WEDNESDAY’S WORD | 04.13.22

Here we are, smack dab in the middle of Holy Week. What do you find yourself doing? Are you cleaning your house, making beds, doing laundry, going to work, cooking dinner, spending time with your children, or parents, or loved ones? Are you going through your normal routine? 

This is what we do every day of the year, isn’t it? And yet, this week is a week like no other. This week is the week we understand that changed the world. This week is a week that was anything but routine. We rarely let anything intrude on the ordinariness of our lives. Its just not how we live. We live for our routines and habits. We like it that way, its safe and comfortable. 

This week, however, was anything but routine, or ordinary, or safe, or comfortable for Jesus. This is the week Jesus will acknowledge the gravity of what lay before him. This is the week where Jesus will gather his friends and followers for a new kind of meal. Not the routine passover meal, but a new meal, with new meaning. Jesus will gather them in an upper room where as they share a very familiar ritual, one they had been taught from childhood, they came to understand it in a very new way. The bread will be broken, but in its breaking they will come to understand Jesus was calling them to be broken for the world. The cup will be shared, but in its sharing Jesus will be calling them to share their lives and witness with everyone else. Jesus will wash their feet so they can come to understand real leadership comes from serving, not being served. Jesus will take them to a garden to pray. This will not be an ordinary, routine prayer, but a prayer of submission. Jesus will ask for reprieve from what lay ahead, but submits to whatever was before him if it will show the world a new way to live. The soldiers will come, the betrayer will come, Jesus will be arrested and taken. Jesus will be tried, and beaten, and mocked, and ultimately killed. 

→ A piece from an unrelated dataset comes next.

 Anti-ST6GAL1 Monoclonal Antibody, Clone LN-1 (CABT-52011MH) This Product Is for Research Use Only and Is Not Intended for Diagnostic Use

This is a week we should find time to remember what Jesus went through to show us how to love. Jesus could have gone anywhere but Jerusalem, but he came to the epicenter of where love was needed most. Jesus could have chosen to avoid the garden, but he went there knowing his love was needed there. Jesus could have avoided an arrest, a trial, a mockery, an execution, but his love for you and me would dictate where he would be. 

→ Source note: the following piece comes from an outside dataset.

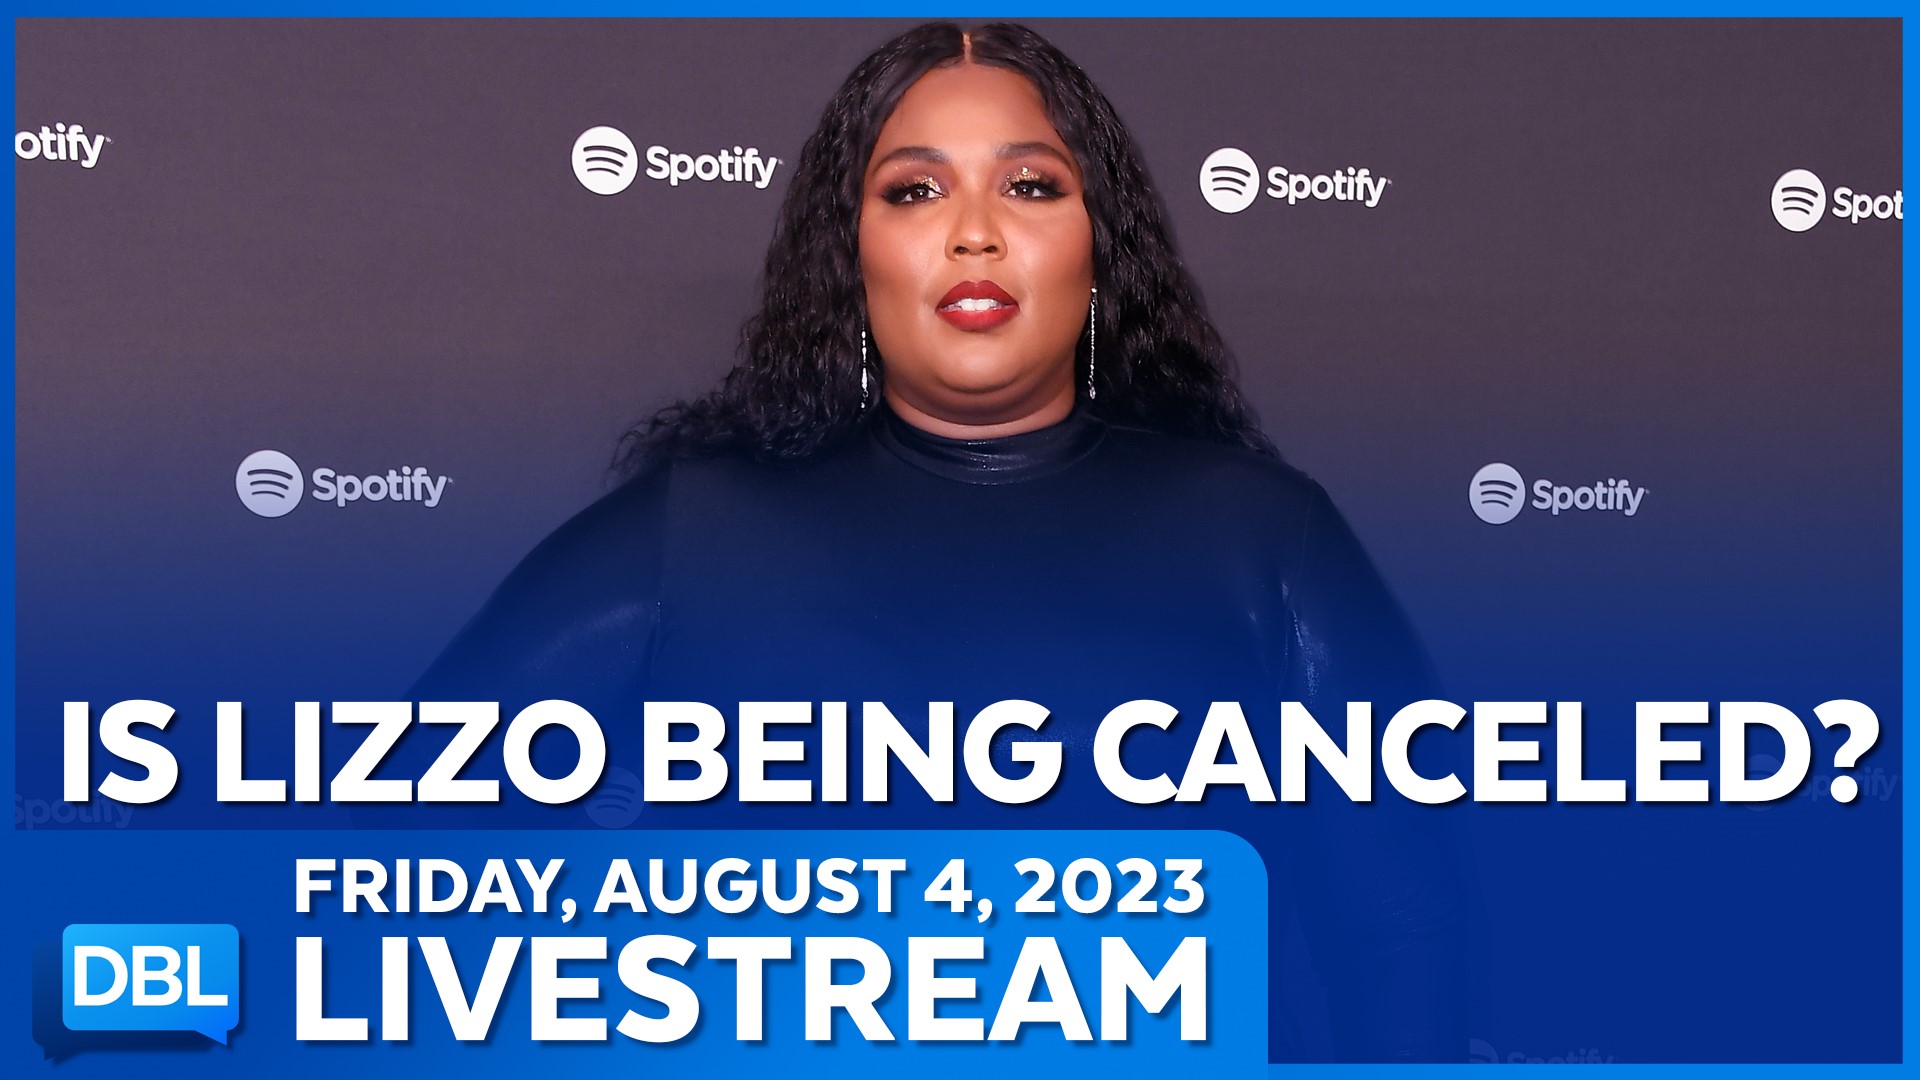 Lizzo is losing followers. Is she being canceled? Americans have high interest in weight loss drugs. Deborah Norville joins.

Lest we treat today and this week as ordinary, we should remind ourselves it was anything but ordinary for Jesus. 

Its not an ordinary week. There’s nothing routine about it. Yes, we come to this week every year. Yes, we observe and mark this time. Maybe we should be more insistent that this week be remembered for the full gravity it implies. What this week implies is we are to follow Jesus and love as he has loved. We are to follow Jesus in loving others, no matter what it takes. We are to follow Jesus with our own burdens, our own cross. We are to follow Jesus loving all the way.